Qui est fou, qui ne l’est pas?
SANLAVILLE Dominique, Éd. L’Harmattan, 2025, 186 p.
La progressive dégradation de la protection de l’enfance, dans notre pays, n’a d’équivalent que celle de l’hôpital public en général et la psychiatrie en particulier. Dominique Sanlaville nous en fait une chronique lucide.

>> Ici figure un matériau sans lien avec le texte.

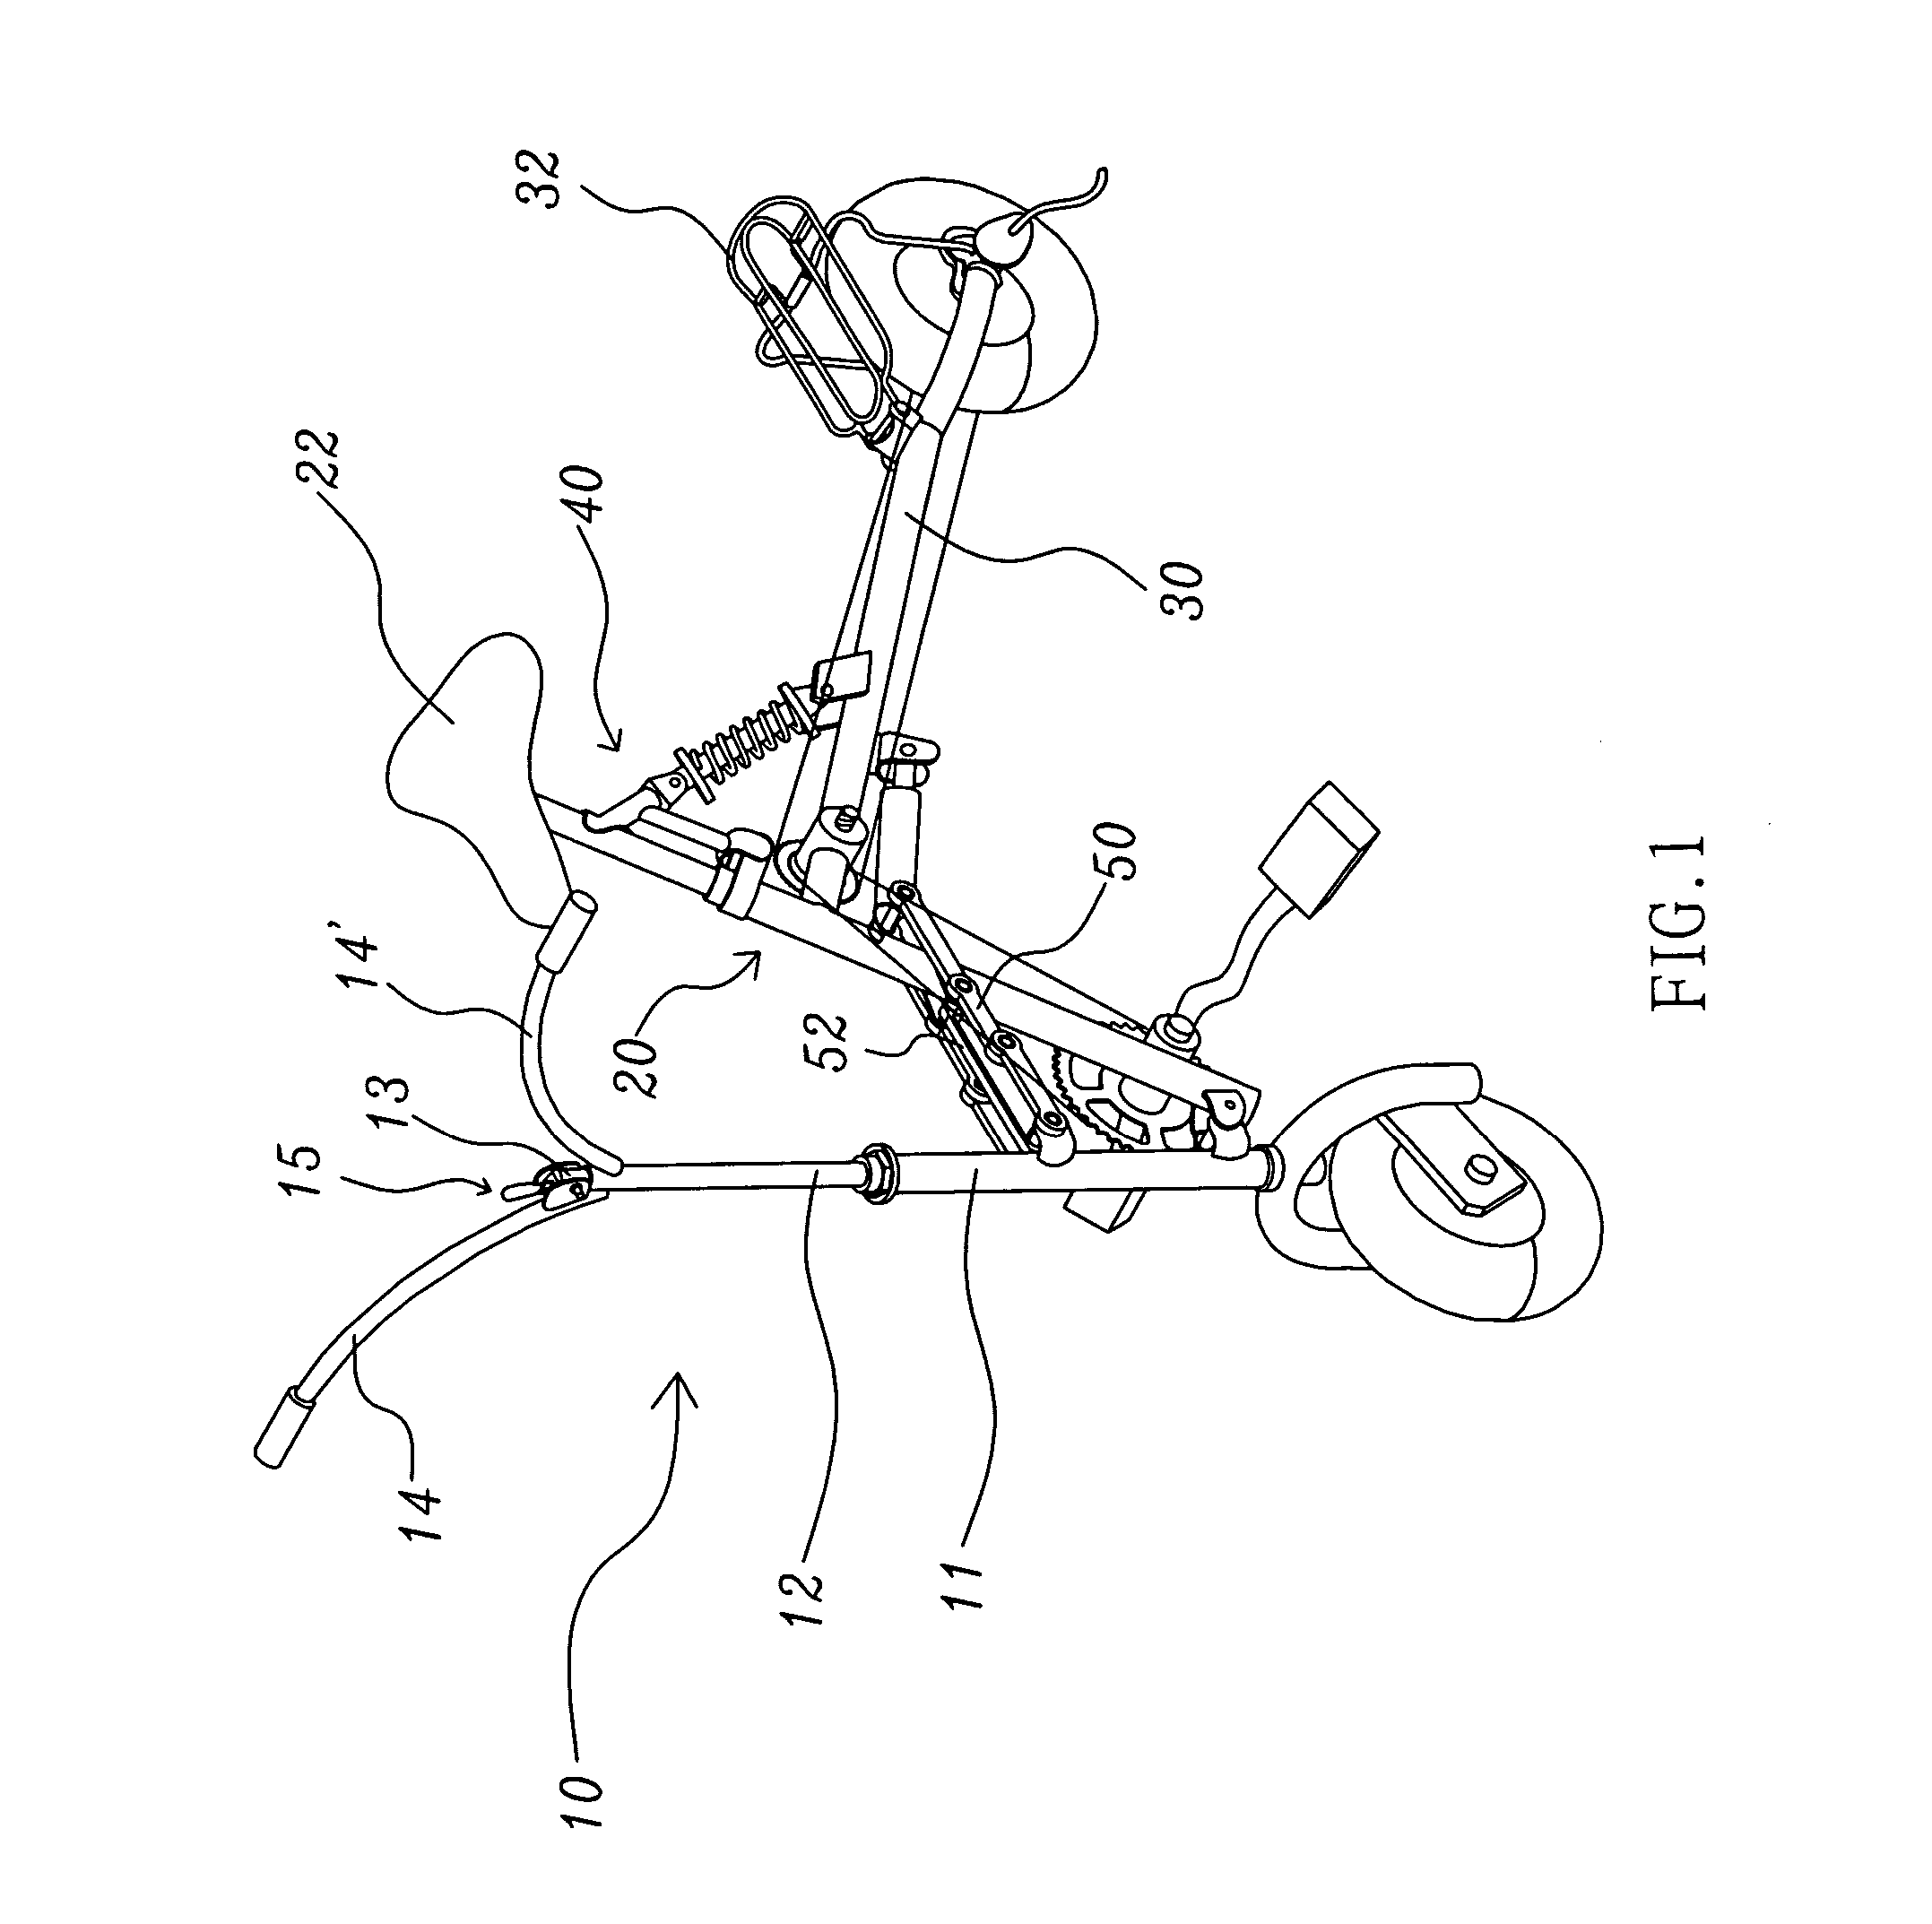 Folding bicycle structure

Sa carrière, l’auteur la commence comme infirmier, à l’âge de 17 ans. Il travaille alors dans l’une des dix-huit petites unités pavillonnaires d’un hôpital établi dans un parc arboré de trente hectares. Le type même de ces établissements classiques que l’on retrouvait dans tous les départements. La sectorisation psychiatrique les a profondément réformés. La fermeture massive des lits en milieu fermé devait les transformer en places de structures extérieures alternatives. Il n’en fut rien.
L’auteur est loin de se montrer nostalgique de ces vieux hôpitaux. Il ne regrette pas l’époque de ces mandarins régnant dans la toute-puissance sur son service transformé en petit marquisat. Entouré de courtisans cherchant à se placer et à obtenir ses faveurs ou un petit morceau de pouvoir, ils menaient un jeu pervers dont il fallait connaître les règles. A la fois admirés et craints, ils exigeaient une dévotion et une soumission sans conditions, toute identité professionnelle devant se calquer sur la leur.
Leurs pratiques étaient loin d’être toujours recommandables. La psychiatrie n’était pas alors aussi tolérante et large d’esprit qu’on ne l’imagine, parfois. Les thérapies de réorientation sexuelle (destinée à rétablir l’hétérosexualité chez les homosexuels), les lobotomies (sectionner un lobe cérébral pour guérir de la folie), la sismothérapie ou les techniques aversives à coups de chocs électriques étaient alors monnaie courante.
Pourtant, c’est dans cette même période qu’émergea parallèlement la thérapie psycho-relationnelle qui allait s’y substituer. Considérant la frontière entre le normal et l’anormal comme ténue, cette approche chercha à donner du sens à l’insensé et à tenter de comprendre un tant soit peu l’incompréhensible. La contenance relationnelle, qu’elle privilégia, prit le temps de connaître le malade, de tisser des liens avec lui et d’établir un cadre enveloppant
Aujourd’hui, tout cela est en voie de disparition. Le patient n’est plus considéré comme une personne pensante. Il est réduit à un cerveau qui connait des ratés, des connections synaptiques défaillantes et des médiateurs chimiques perturbés. Seules la chimie et ses molécules sont devenues capables de répondre aux maladies de l’âme. Un raz de marée neurobiologiste a transformé la psychiatrie en une discipline mécaniciste destinée à traiter d’une manière implacable la machinerie du cerveau.
Les soins ne se donnent plus, ils sont administrés. Les traitements chimiques cherchent à effacer les symptômes, à normaliser rapidement les comportements, à rendre le patient conforme et adapté. Attaches, contentions et chambres d’isolement se sont multipliés, quand l’imagerie médicale et la tomographie à émission de positrons ne suffisent pas. La psychiatrie se transforme progressivement en un univers aseptisé et scientiste qui s’éloigne de sa fonction soignante et se tourne vers standardisation et la marchandisation.
Certes homo sapiens peut toujours se transformer un homo demens. Mais, il détient pourtant une particularité : il ne peut être soigné malgré lui. Face à son imprévisibilité qui agite et bouscule les esprits cartésiens, la médecine somatique échoue bien souvent. Seule la rencontre de deux subjectivités, celle de la personne soignée et de la personne soignante, peut faire émerger la complexité du genre humain et ouvrir les voies sinon de la guérison, du moins de sa stabilisation.